13 Responses to “If people can marry off toads… (aka - How can you tell if a toad is gay?)”


  1. 1 meeta

    Those crazy hindu indians. What will they think of next. Oh wait…those are MY people..literally. They’re in Bengal. *ahem* sorry about that.

  2. 2 Gingersmack

    Exactly. Bastids.

  3. 3 stkyrice

    LOL…I often say the same thing when I hear about some crazy shit done by Filipinos…”Fucking Filipinos,” or something to that effect. Usually, I’m with other Filipinos who know exactly what I’m talking about, otherwise I keep my mouth shut.

    *sigh*

  4. 4 shelli

    Haven’t you heard gay marriage is the destruction of family values and American fabric work? It’s mortal sin although no one is able to point out the scriptures. Fear! be afraid very afraid those damn gay people are going to bring down the country so did those people who wanted to marry inter racially. There is nothing to fear about a toad.
    Kiss the toad come on kiss it maybe you’ll live happily ever after as a princess and of course much needed rain.
    Personally I support gay marriage it doesn’t hurt my marriage in any way shape or form.

  5. 5 MCBK

    How ironic is it that I support gay marriage, and as a Reverend, I actually can perform weddings … but in the State of Michigan, they have to be man-woman weddings?

    Meeta says, “Those crazy Indians, what will they think of next?”

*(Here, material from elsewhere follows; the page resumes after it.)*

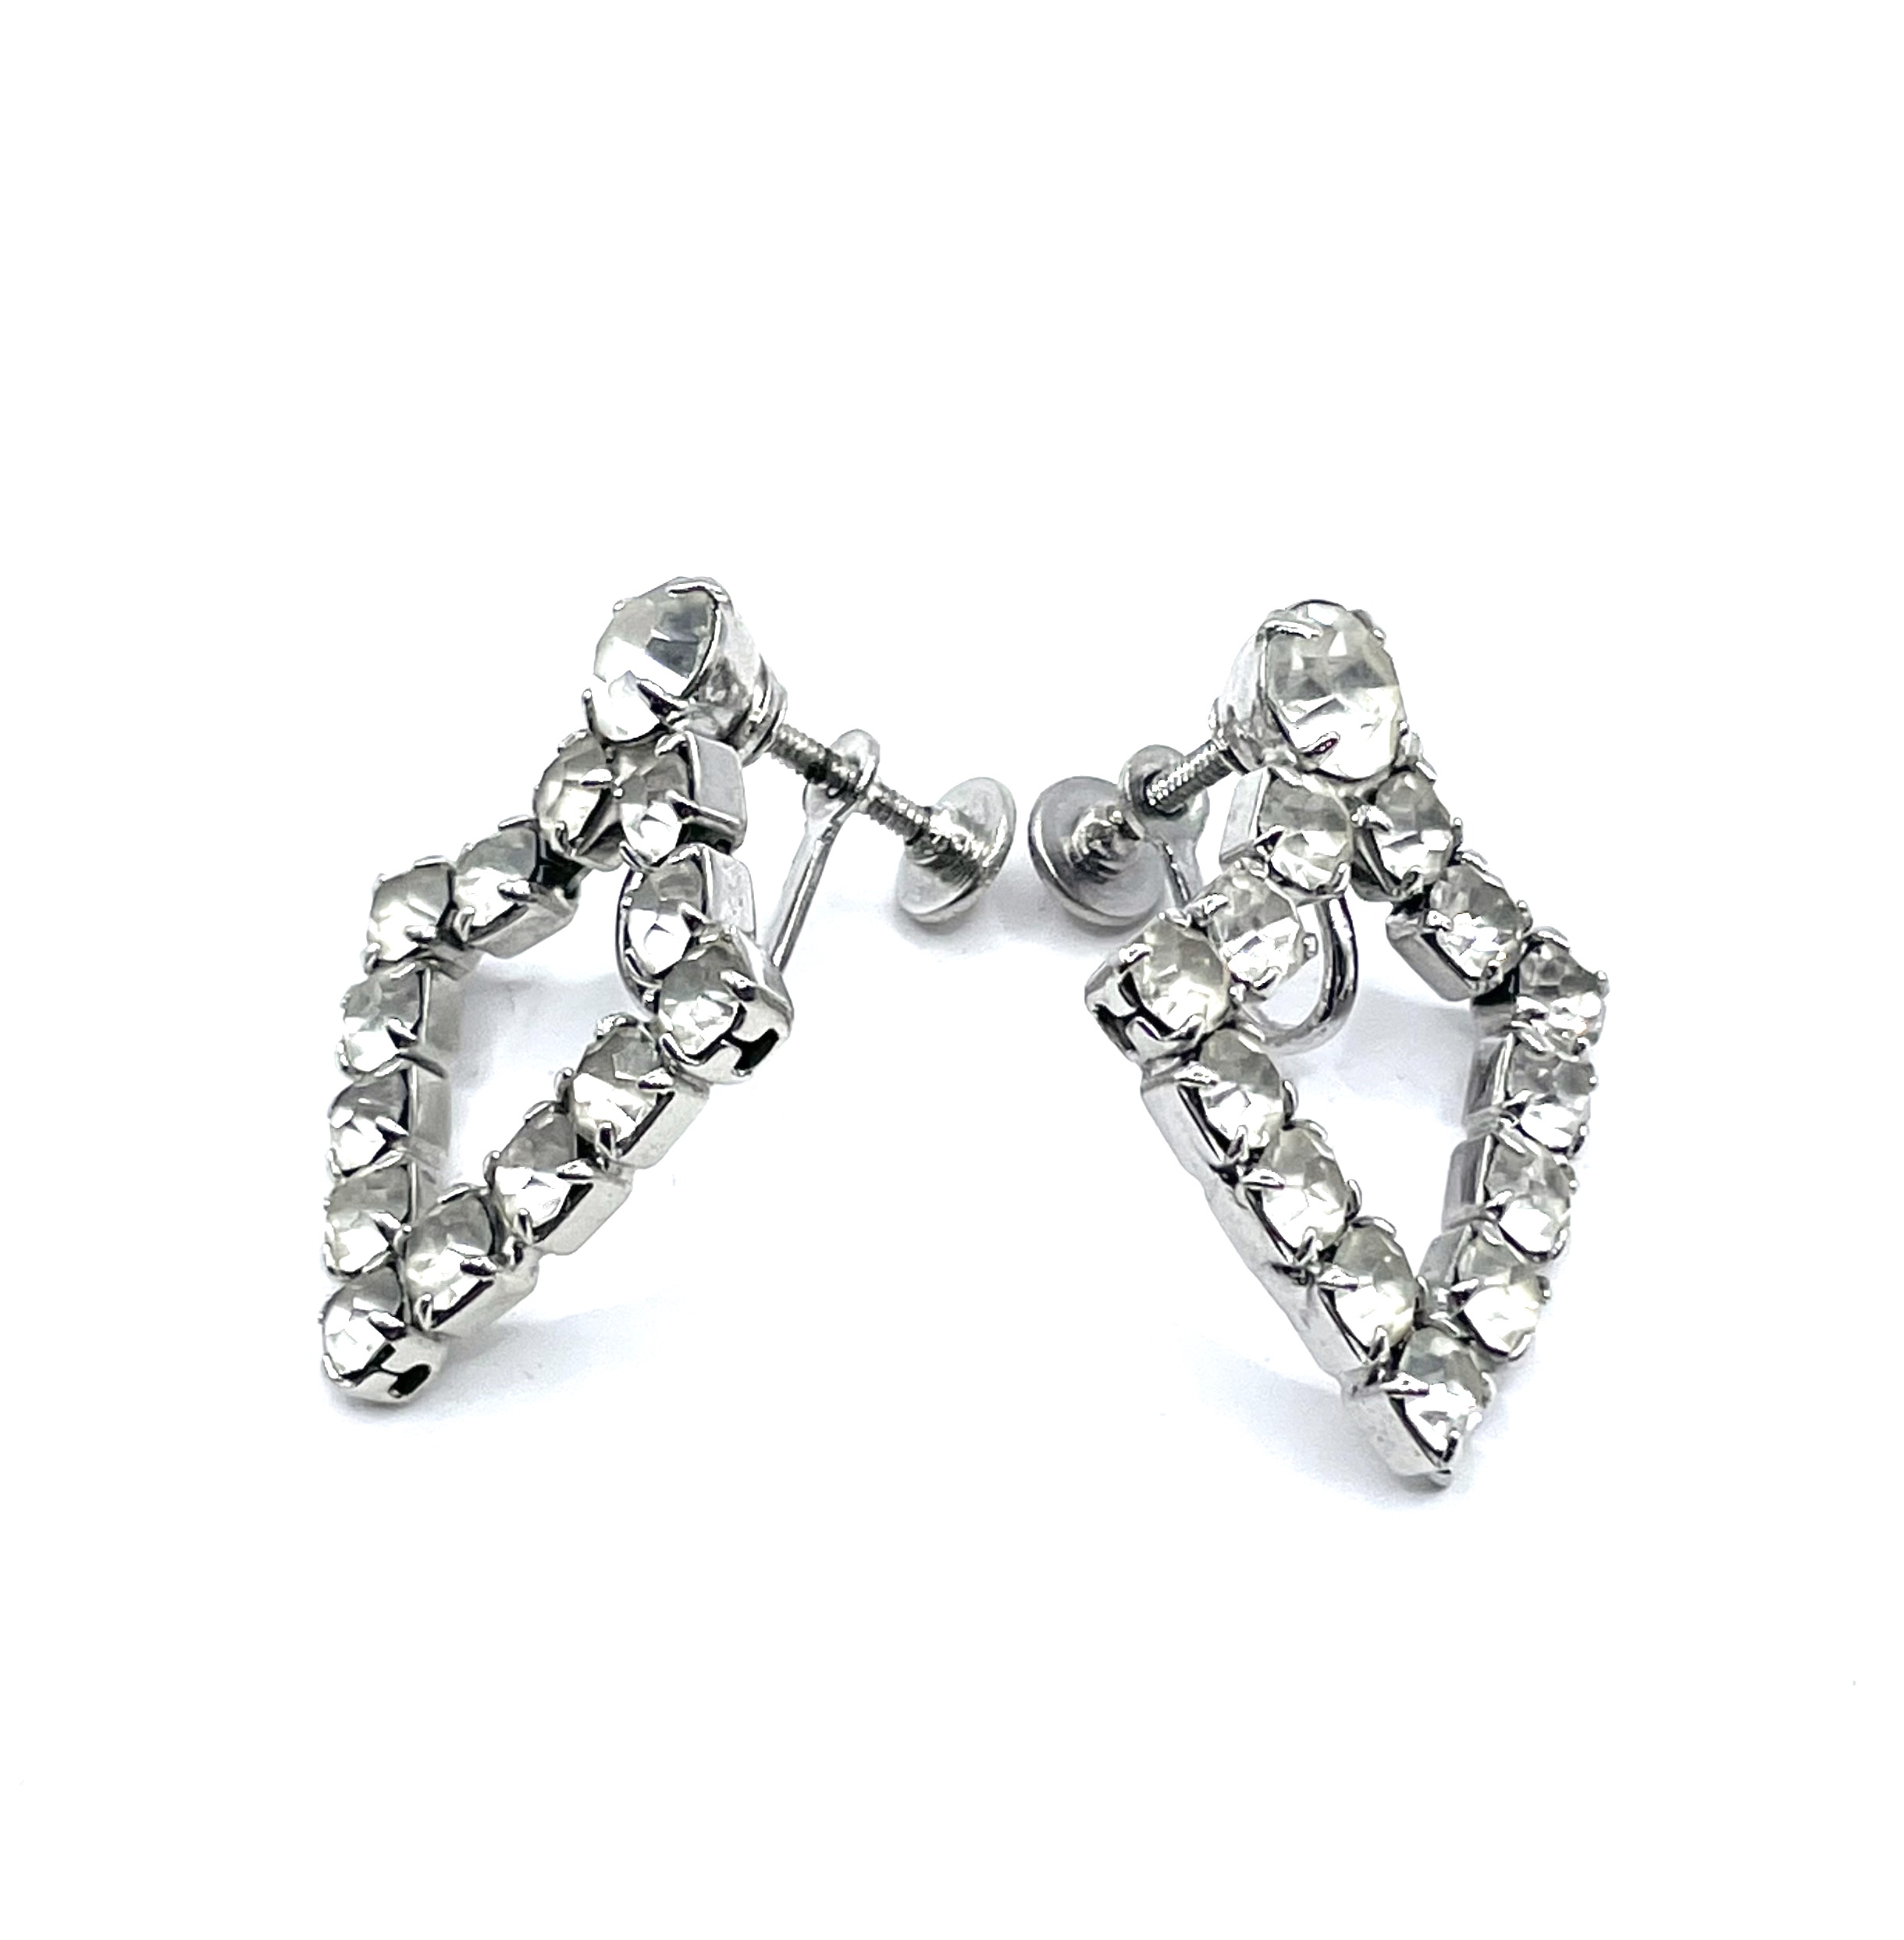 1950s rhinestone earrings

    Well, I say, “Those crazy rednecks in Michigan and their stupid-ass Republican ideals … what will THEY think of next??”

  6. 6 Wayne

    I bet they’d freak out if toad was gay.

  7. 7 :: jozjozjoz ::

    How can you tell if a toad is gay?

  8. 8 Happy

    It’s okay because it was a male toad marrying a female toad… just as G-d intended. It was like the 14th commandment, right? One of those 5 that made Moses think, “Nah, that can’t be right. I must’ve chiseled it wrong.”

  9. 9 shelli

    The toad holds its cigerette a little differently duh j.k.
    I guess it would be the same as the story of zoo penguins just preferring the same sex. Oh just google it, I am not kidding.

  10. 10 muckdog

    How can you tell if a toad is gay?

    Maybe its warts are accessorized.

  11. 11 keith

    I thought it was obvious, what with his perfectly starched 100% cotton pink button-down pinpoint oxford shirt, finely hemmed and pressed linen trousers, and excellent manicure.

    Oh, wait a minute. That was me, twenty years ago.

  12. 12 Deltus

    Them toads is good eatin’, gay or not.